> **Task statement**:
Images are to be dropped, and the rest of the data reproduced exactly.

[Exercise data — start]

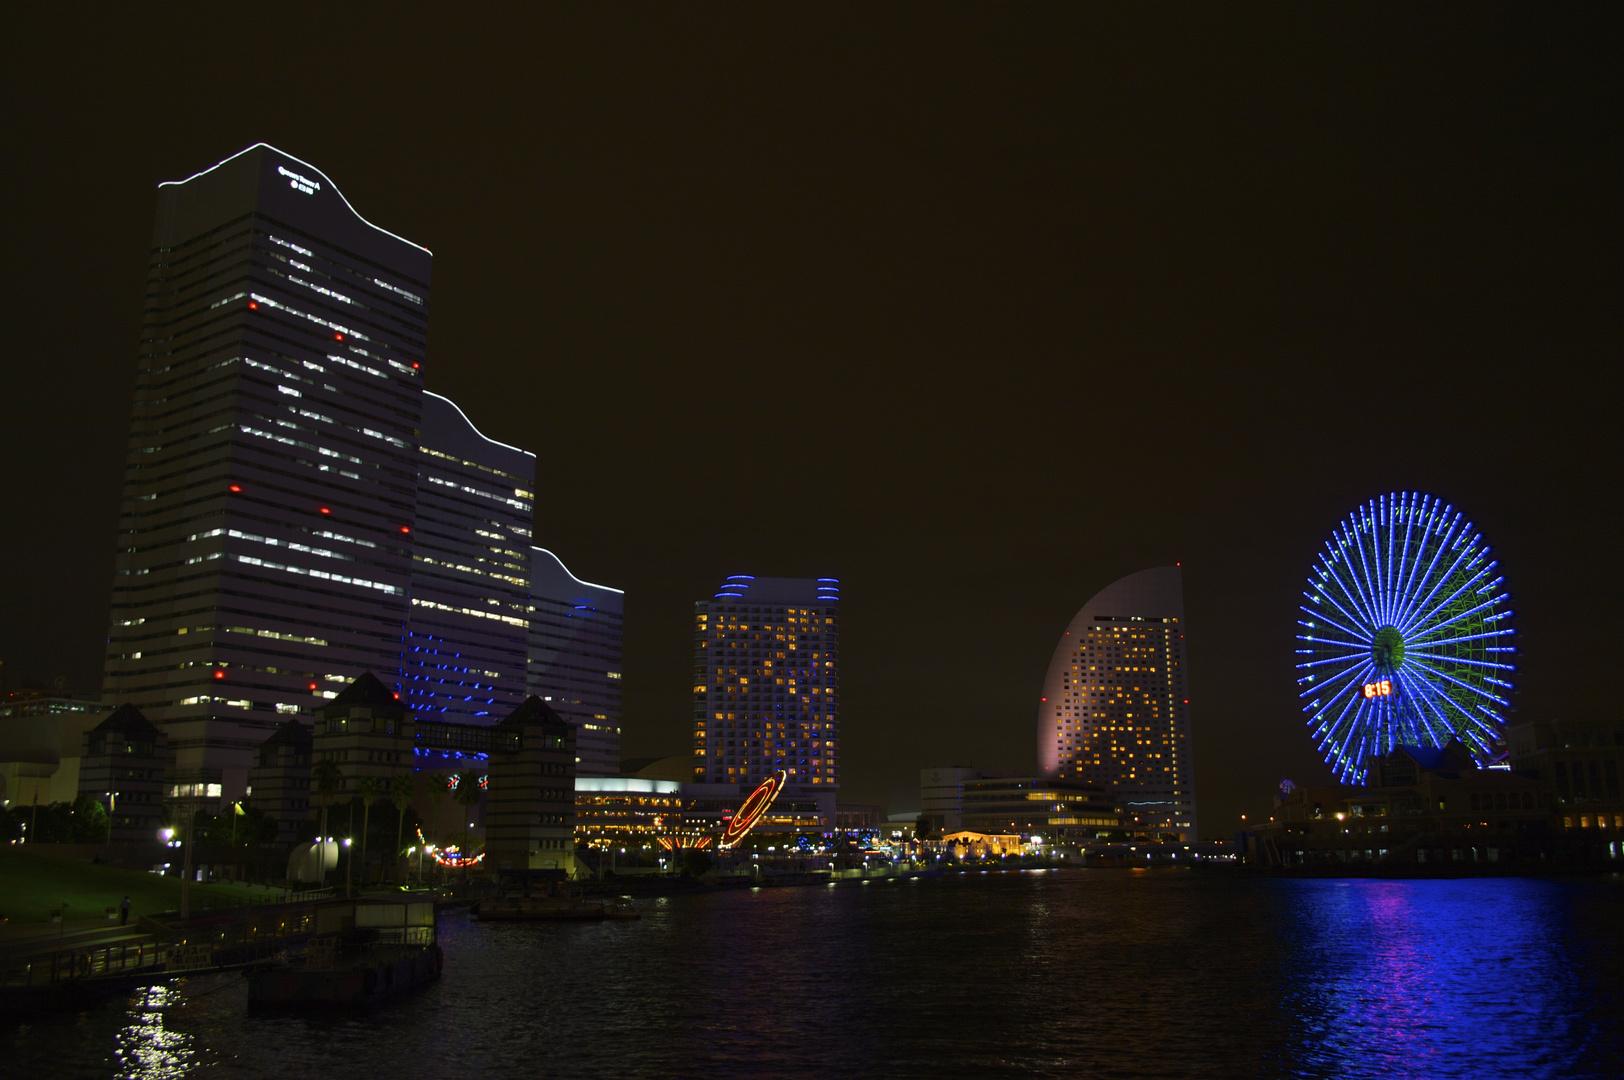 Minato Mirai - Yokohama
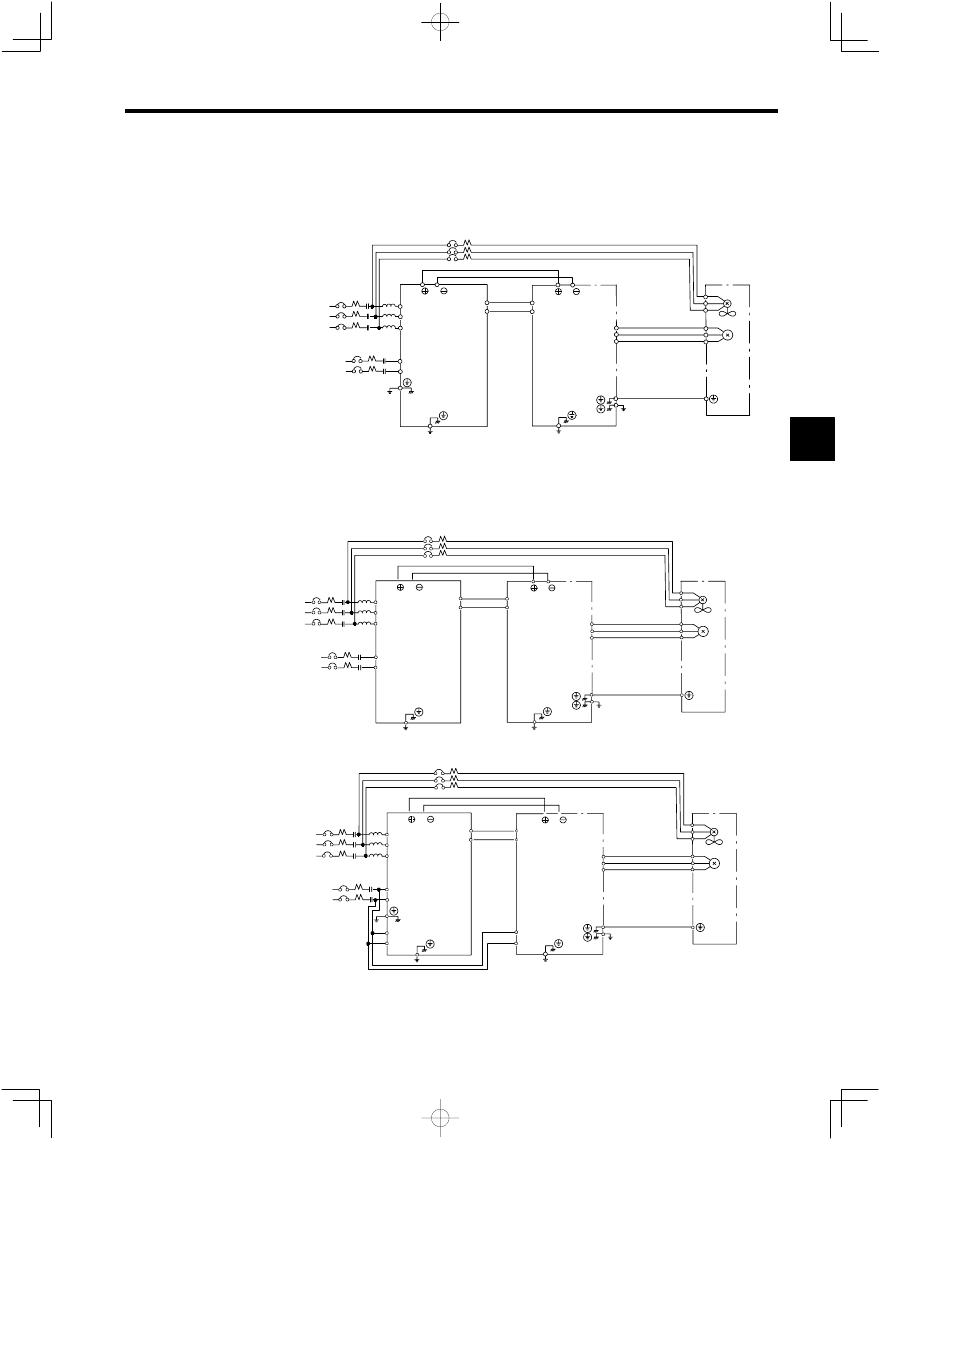 4 Main Circuit Connection Diagrams  200 V Class External
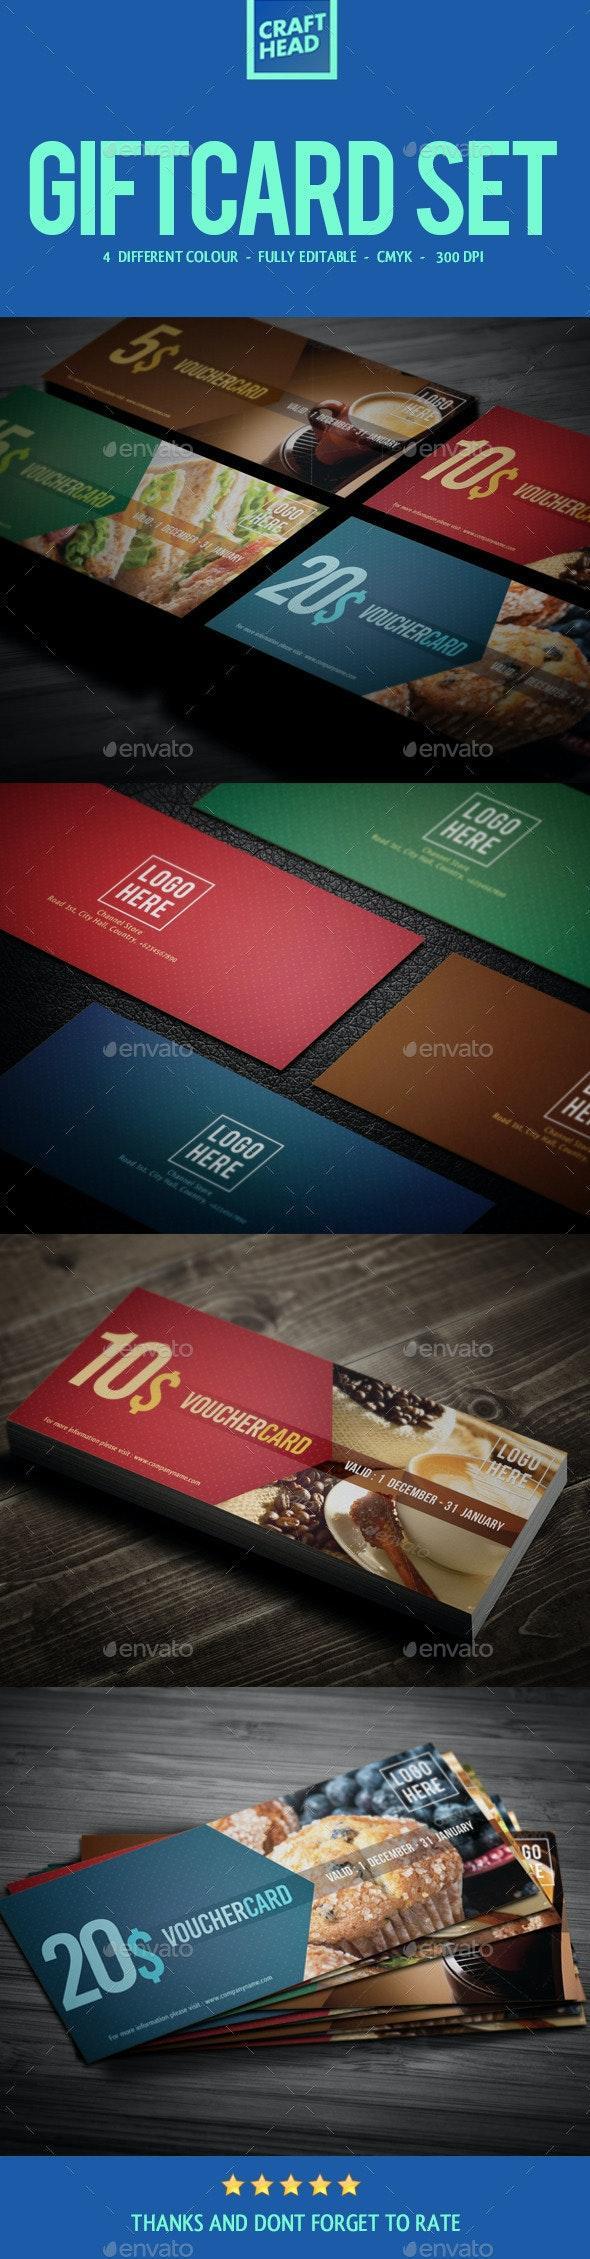 Food Gift Voucher Set - Cards & Invites Print Templates

[Exercise data — finish]

> **Answer box**:
 Minato Mirai - Yokohama
 4 Main Circuit Connection Diagrams  200 V Class External
 Food Gift Voucher Set - Cards & Invites Print Templates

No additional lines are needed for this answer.